If your password is grabbed by a key logger, it’s complexity really doesn’t matter. The traditional defense is to ensure you use different passwords for each system and change your passwords frequently. Changing your gmail password before the criminals do is unlikely.

There is another solution – two factor authentication (2FA). When you get down to it, there are two ways to prove you are you. One is something you know (e.g. a password), and the other is something you have (e.g. a key). If it helps, think about the them as being a combination lock and a key lock. And a lock doing both is A Good Thing.

You may think that having a key is a perfectly good option, as the key is (effectively) unique. No one else has the key. But supposing you lost it? With 2FA, no one can use you key without also knowing the combination. And if your combination became known, it’s useless without the key.

Another good example is chip-and-pin bank cards.

Incidentally, you may here people going on about MFA (Multi-factor authentication). What the third or subsequent factors may be is hard say, but for marketing purposes “multi” sounds better than “two”. (Bio-metrics are often cited as a third factor, but it’s effectively using your body as a key. In other words it’s still something you have).

Wholesale pilfering

But I’ve digressed. I was supposed to be talking about the second way of having your password stolen, and it’s also pretty simple: An attacker gets access to a computer containing a list of passwords, including yours.

Although it has been known to happen, there should never actually be such a list. That’d be crazy. If you don’t have a list of user-IDs and corresponding passwords, no one can steal it. if you do, they probably will.

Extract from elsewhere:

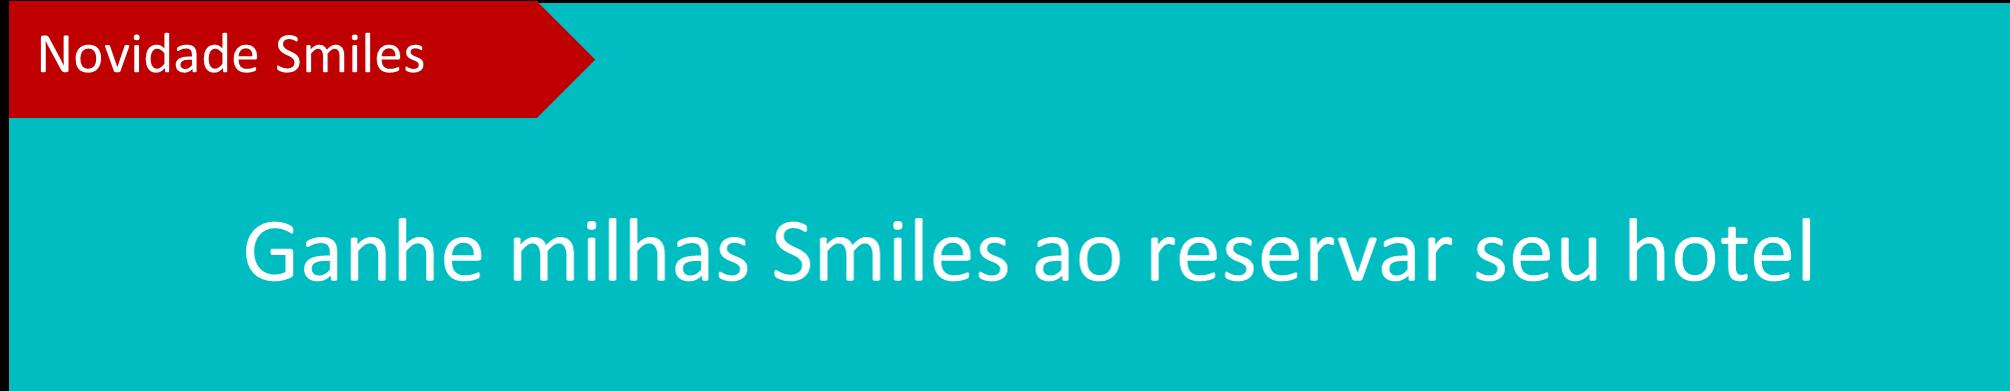 Como ganhar milhas Smiles ao reservar hotéis
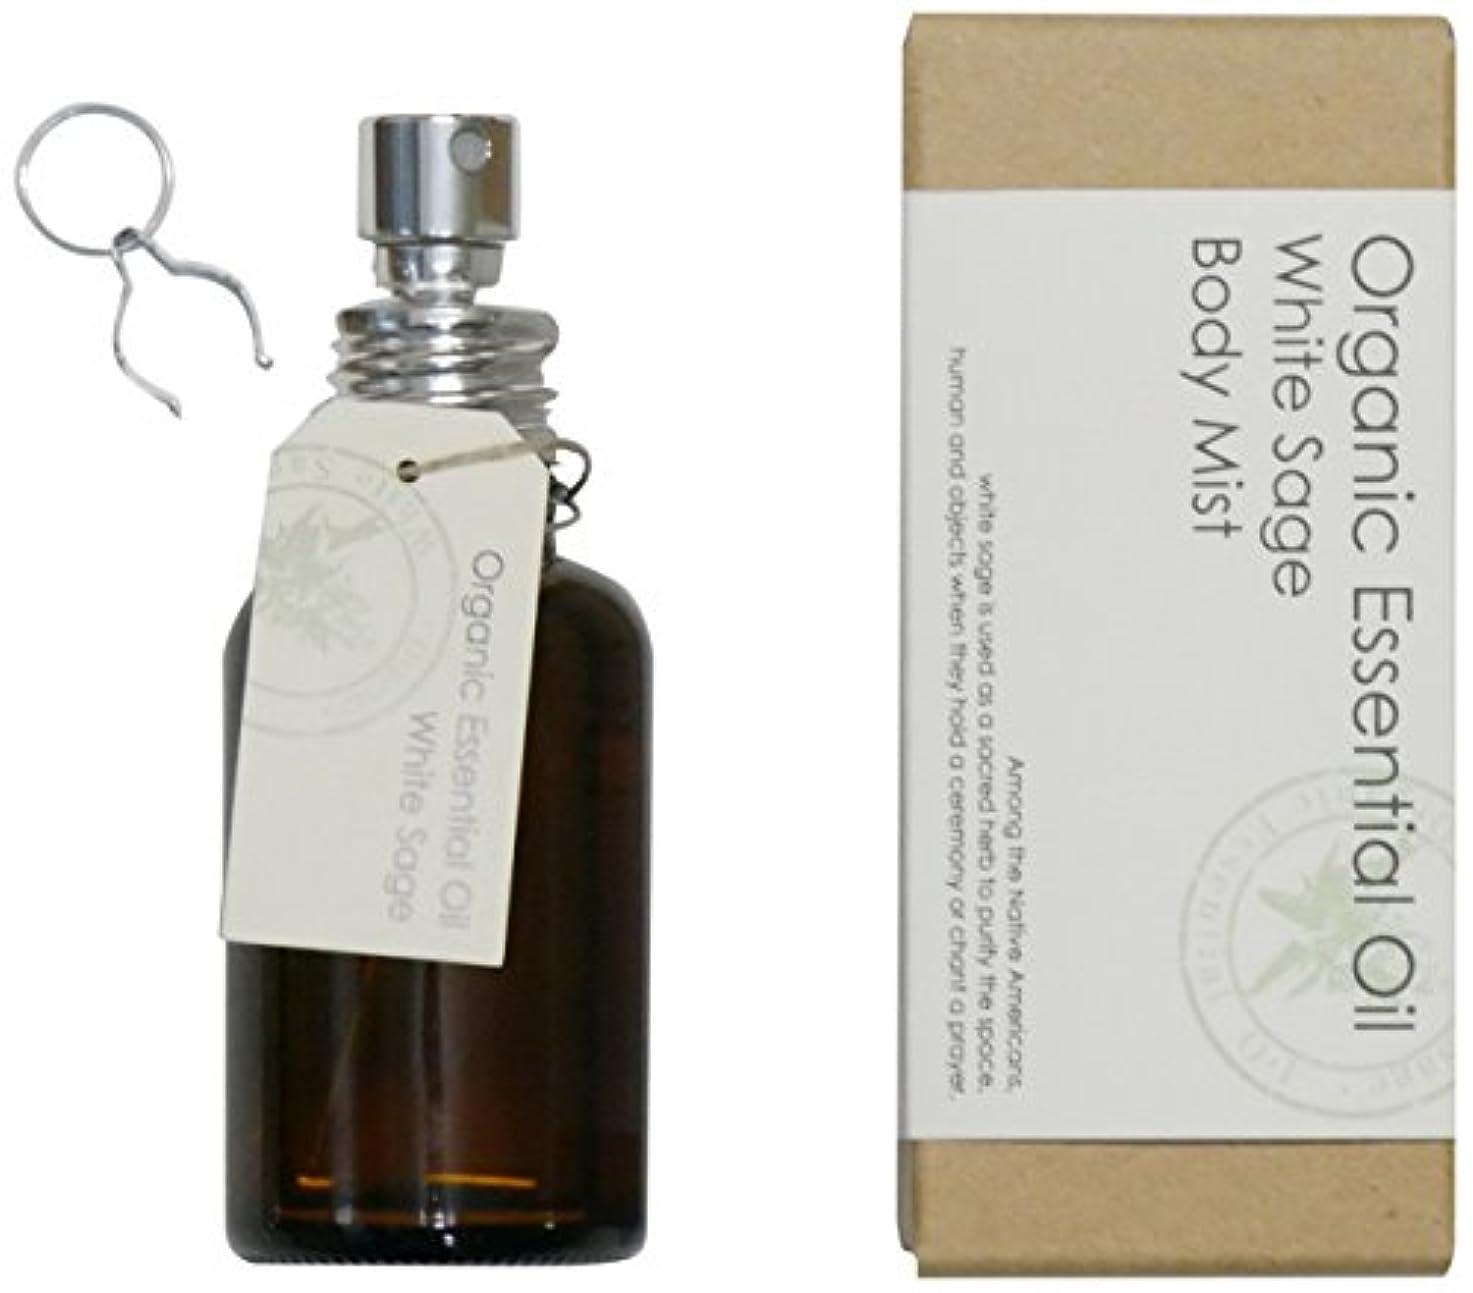 永遠の耐えられない資本主義アロマレコルト ボディミスト ホワイトセージ 【White Sage】オーガニック エッセンシャルオイル organic essential oil natural body mist arome recolte

But how does a computer know if you’ve entered your password if it doesn’t know what the password is supposed to be? That’s the cleaver bit.

What you do is keep a list of users, together with their hashed passwords. A hash is a code derived from your password, but which isn’t your password. When you log in, the computer derives the hash code from whatever you’ve entered and compares it with the stored hash – if they match then you entered the right password.

So how is a hash derived? How about an example. In our system a password is going to be a number, for simplicity. And I’ll call this number ‘p’ (for password). The resulting hash I will call ‘h’. Our hashing function (number 1) is going to be:

h = p x 7

Applying this to various passwords gives:

User (stored)Password (not stored)Hash (stored)
Tom 123 0861
Dick 200 1400
Alice 321 2247
Jane 567 3969
Table showing passwords hashed using trivial method

So, if Alice comes along and types her password as “321”, the computer hashes it and gets 2247. It then compares this with the stored hash, and open sesame.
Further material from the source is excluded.